▶ **TASK**
Repeat every line of the data exactly, but not the pictures.

▶ **DATA EXCERPT**
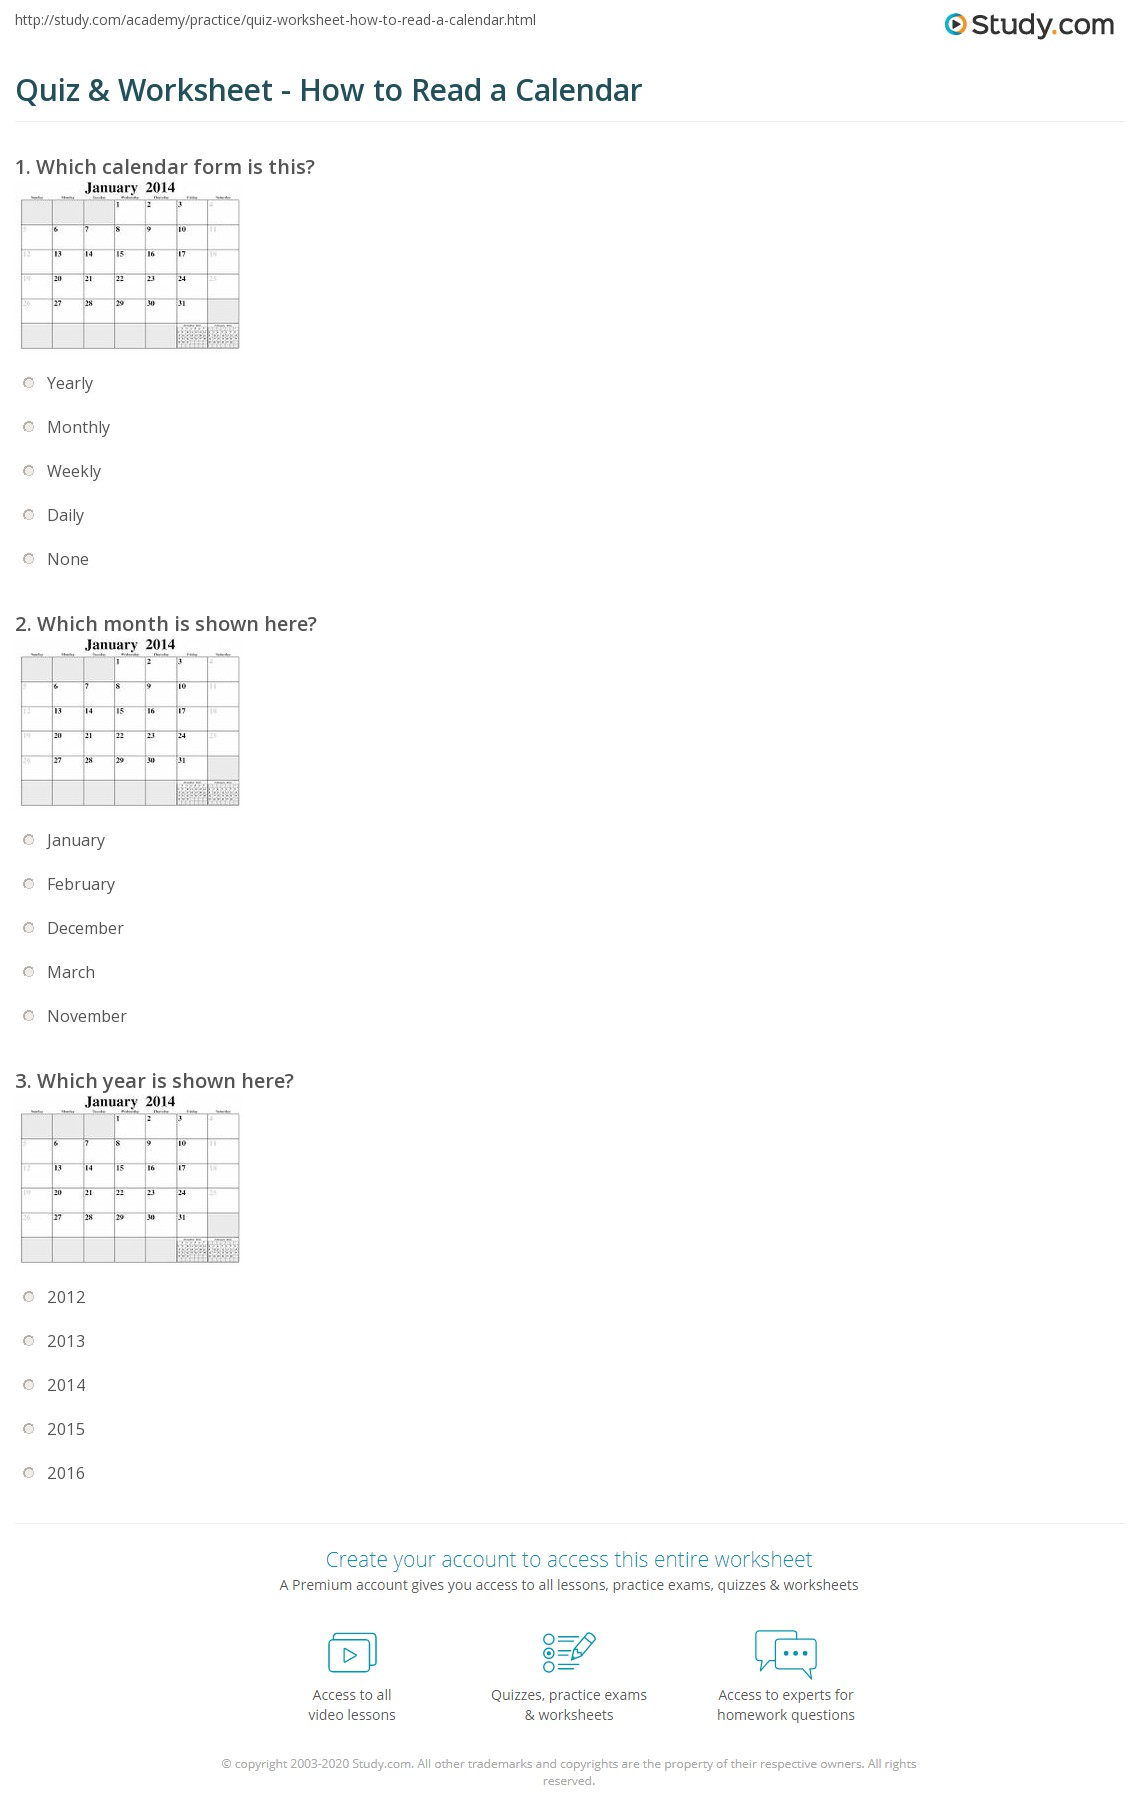 Worksheet Works Hourly Planner - Syndeomedia
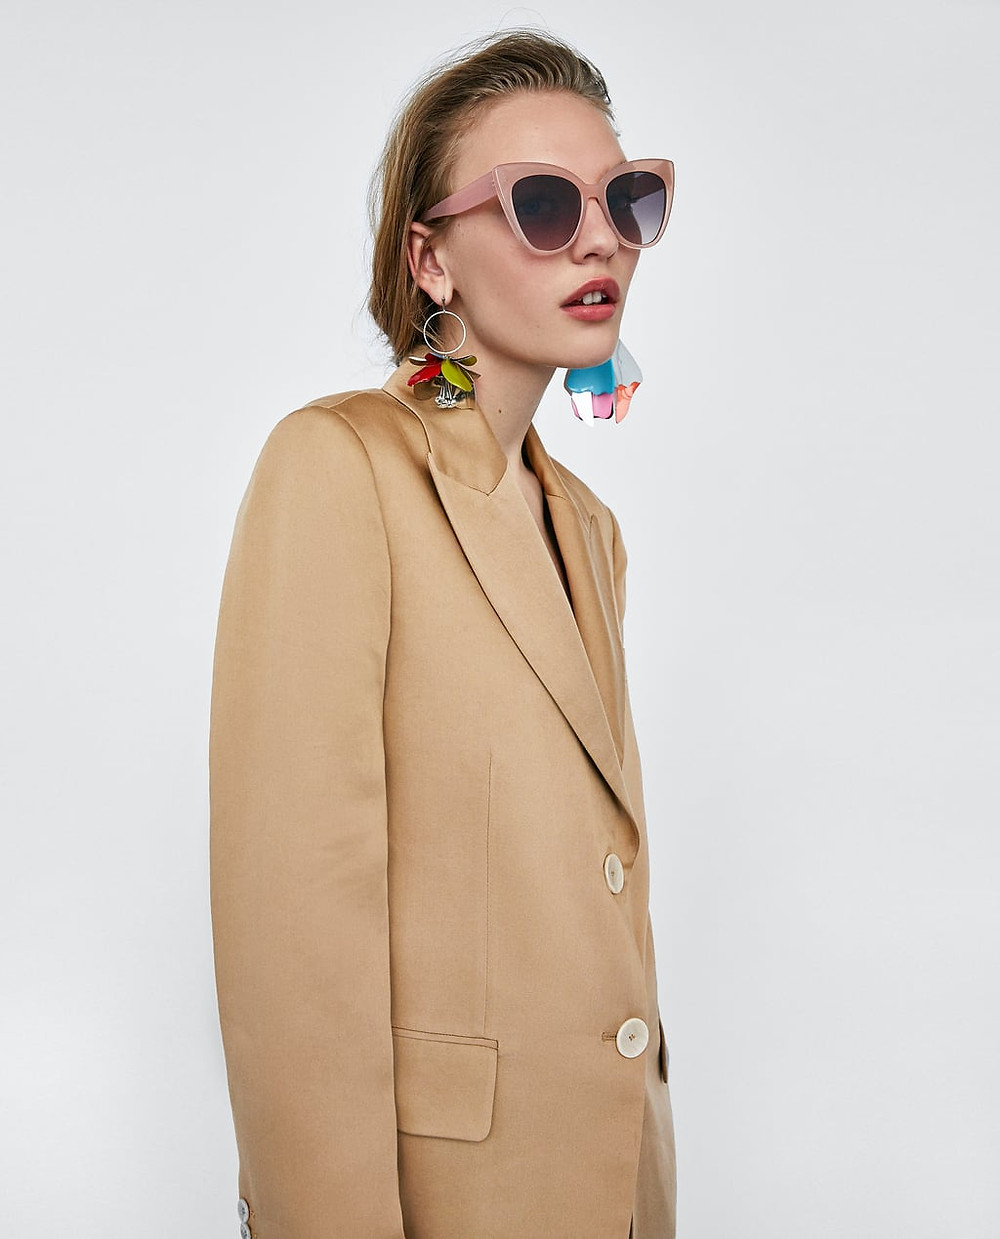 Zara Resin Cateye Sunglasses $25.90
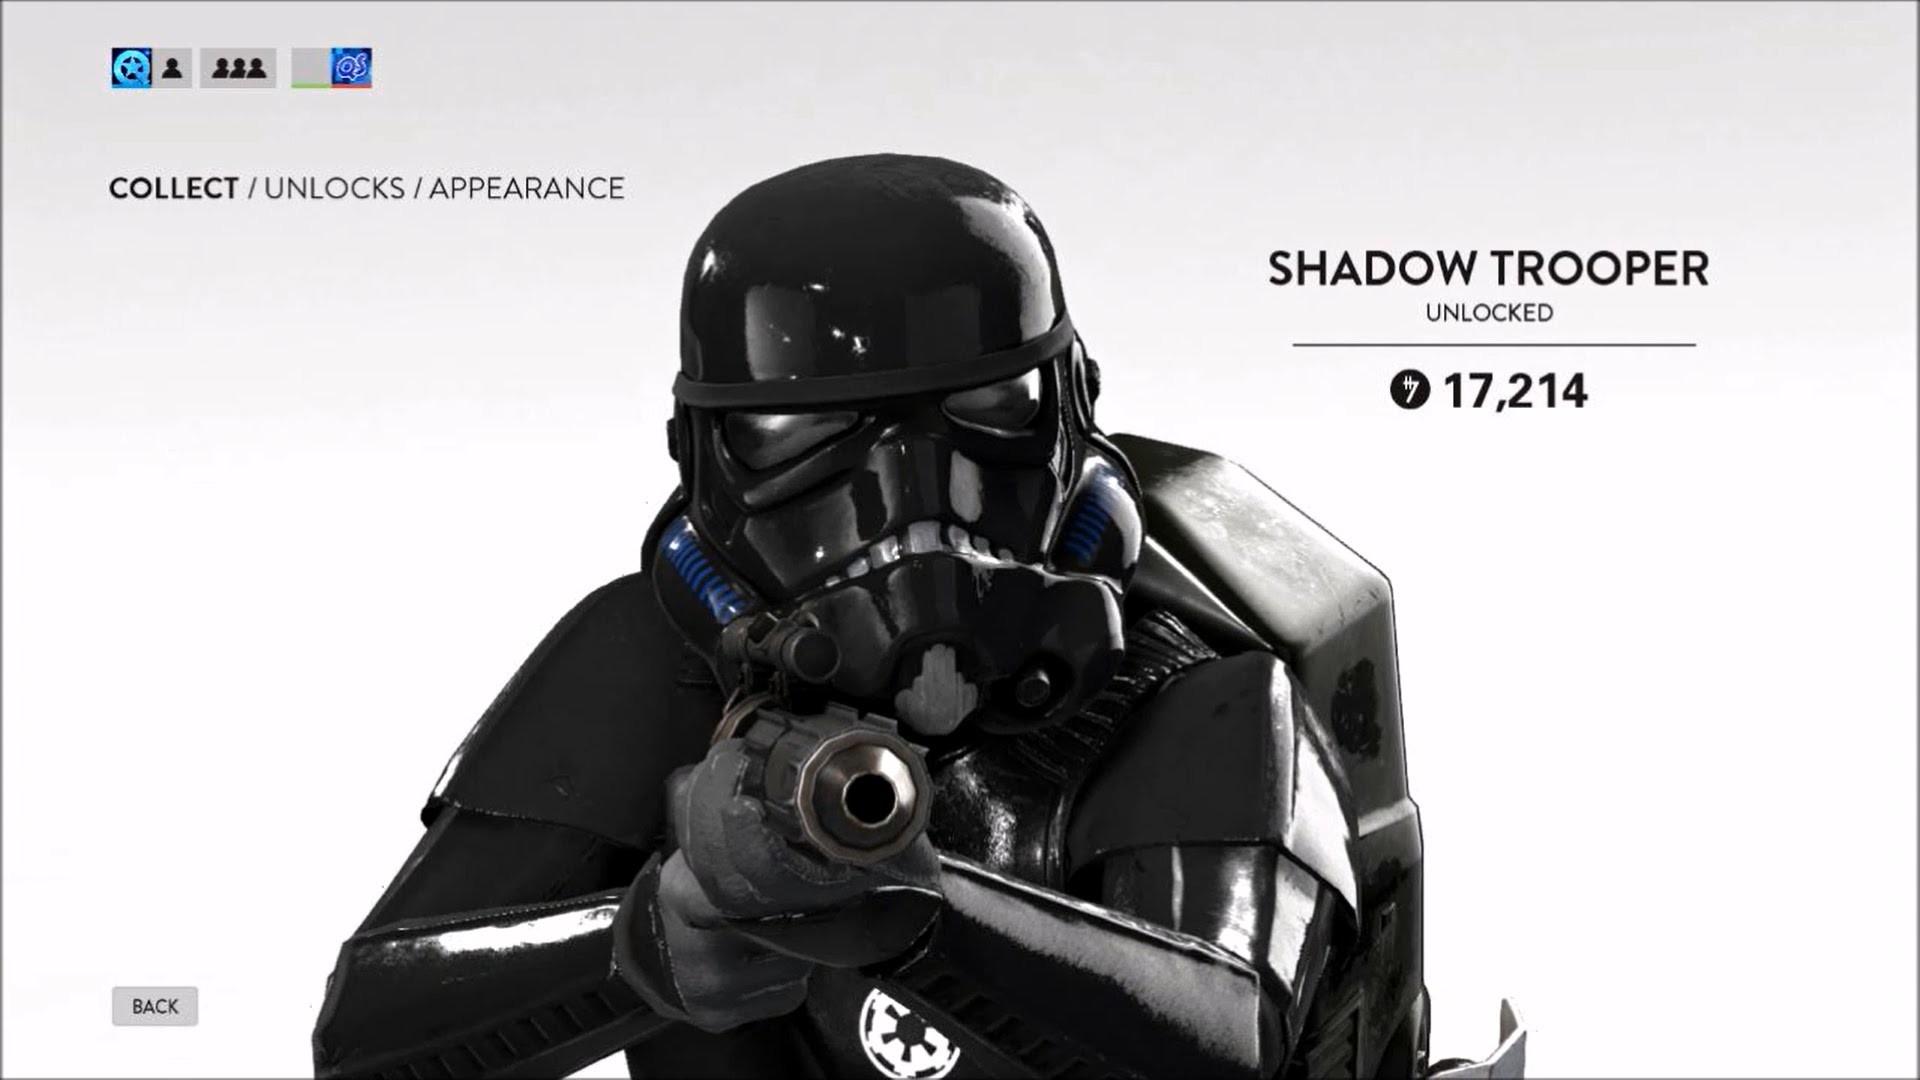 Star Wars Battlefront: Unlocking The Shadow Trooper & Twi'lek Rebel!

▶ **RESPONSE**
 Worksheet Works Hourly Planner - Syndeomedia
 Zara Resin Cateye Sunglasses $25.90
 Star Wars Battlefront: Unlocking The Shadow Trooper & Twi'lek Rebel!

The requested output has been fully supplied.